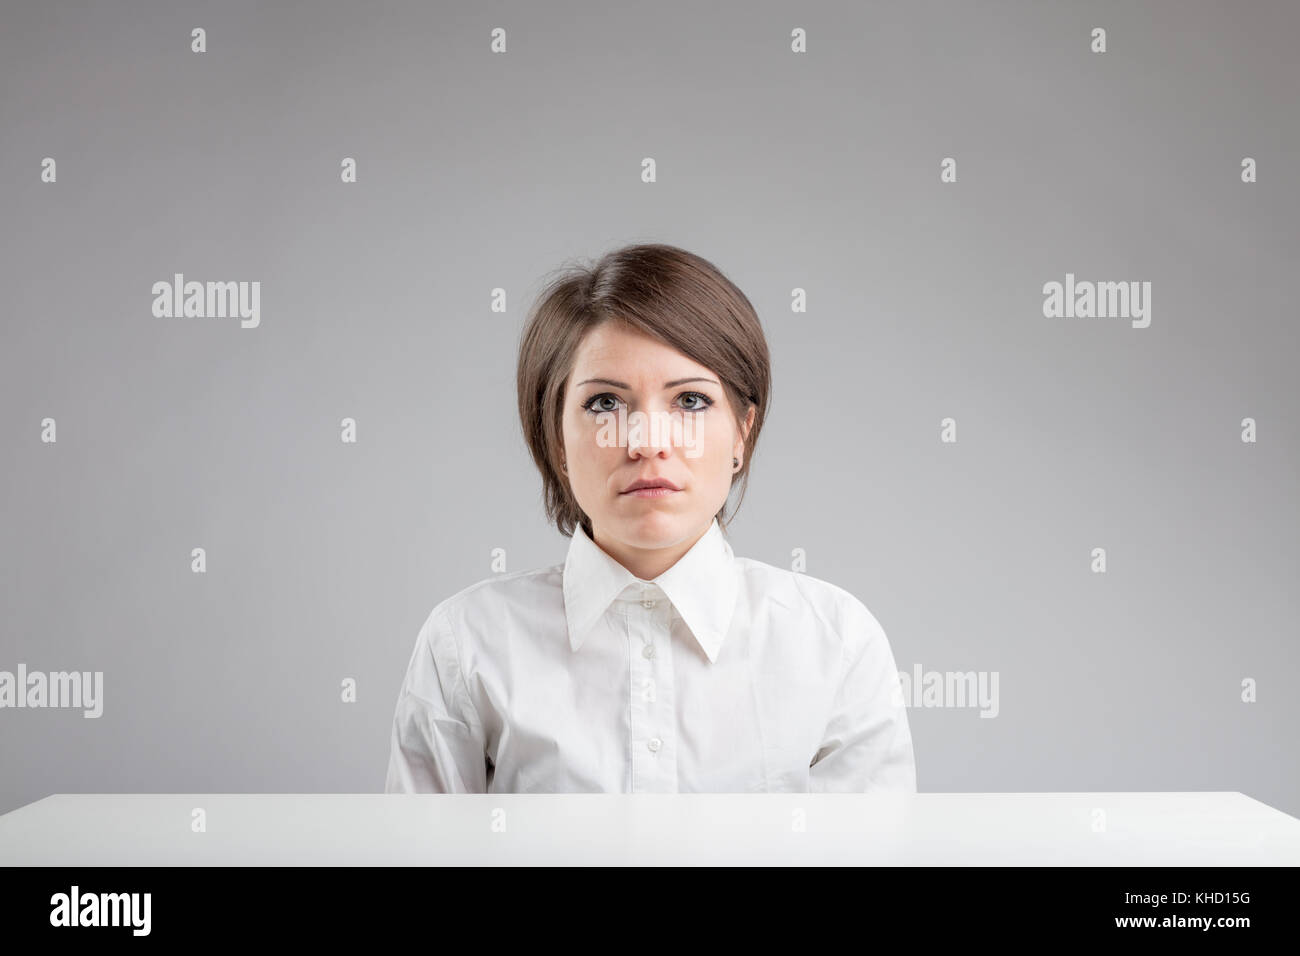 serious inexpressive woman portrait in front of an work table on a gray background with lots of copyspace Stock Photo
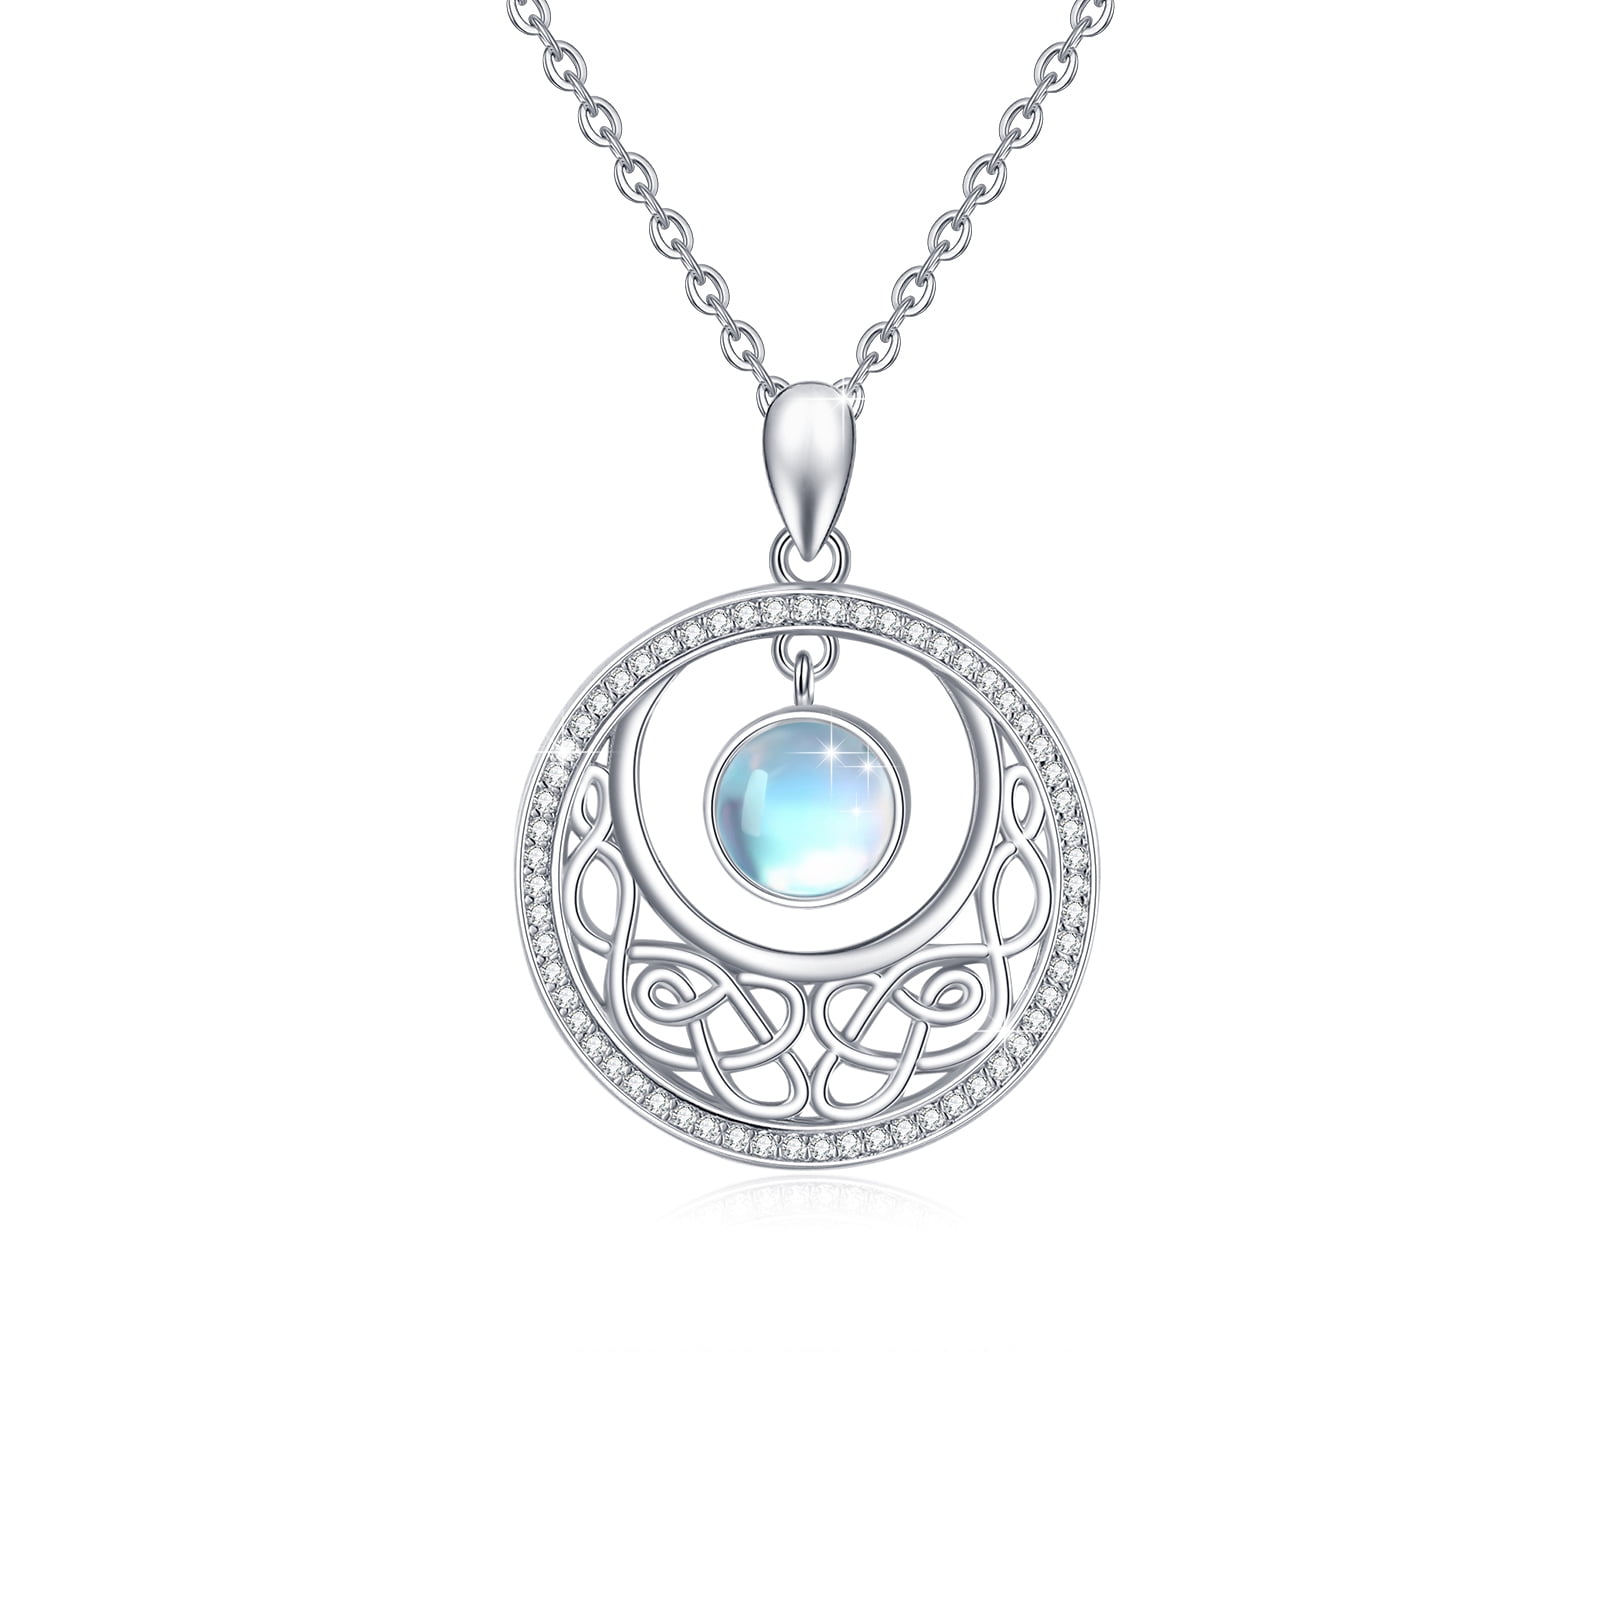 CUOKA MIRACLE Crescent Moon Necklace Moonstone Necklace 925 Sterling ...
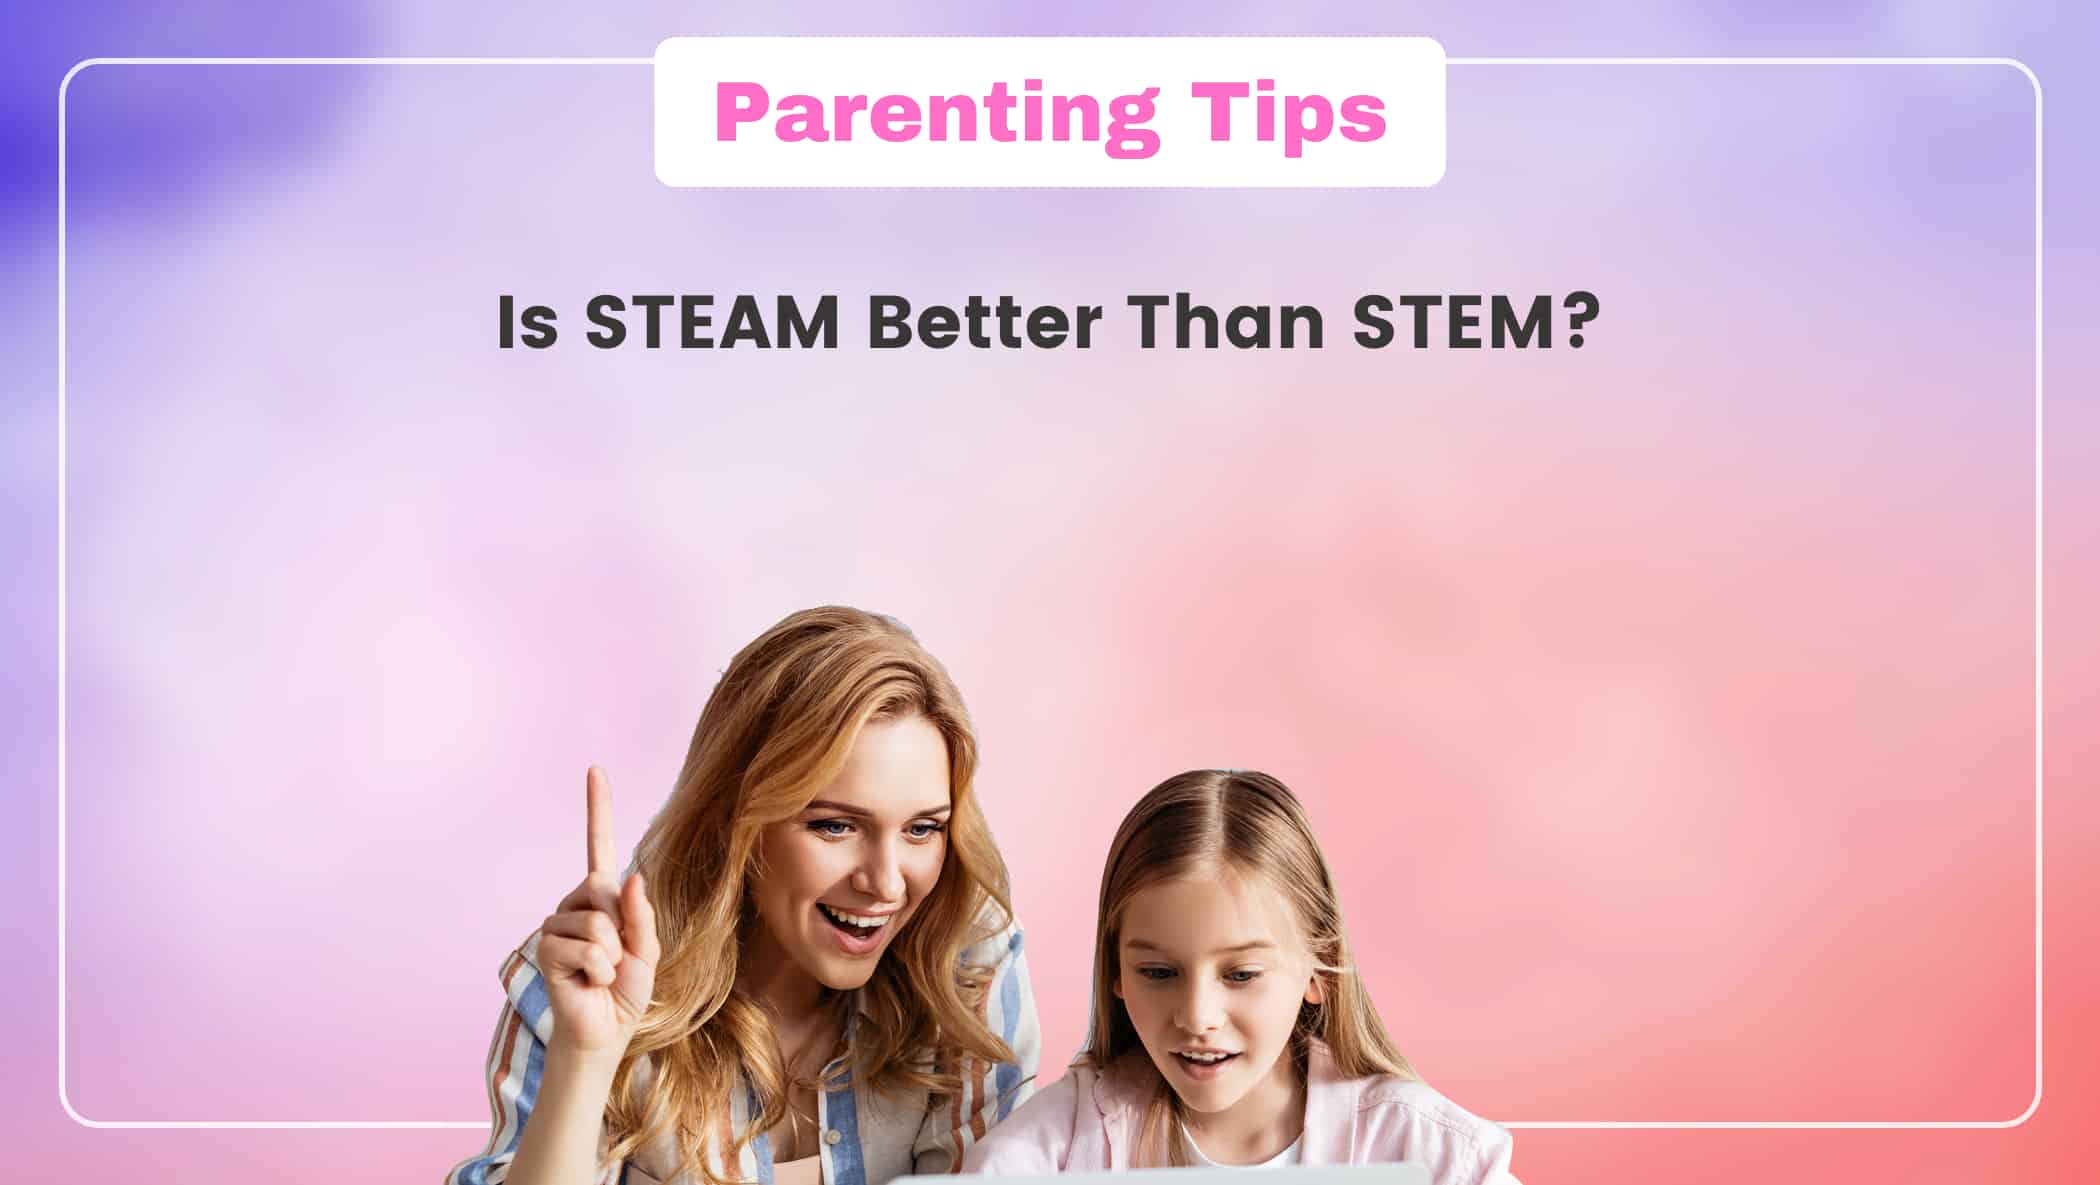 Is STEAM Better Than STEM Image

--- Problem to work on ---
Could the data above be reproduced exactly, with the pictures left out?

--- Written response ---
 serious inexpressive woman portrait in front of an work table on a gray background with lots of copyspace Stock Photo
 CUOKA MIRACLE Crescent Moon Necklace Moonstone Necklace 925 Sterling ...
 Is STEAM Better Than STEM Image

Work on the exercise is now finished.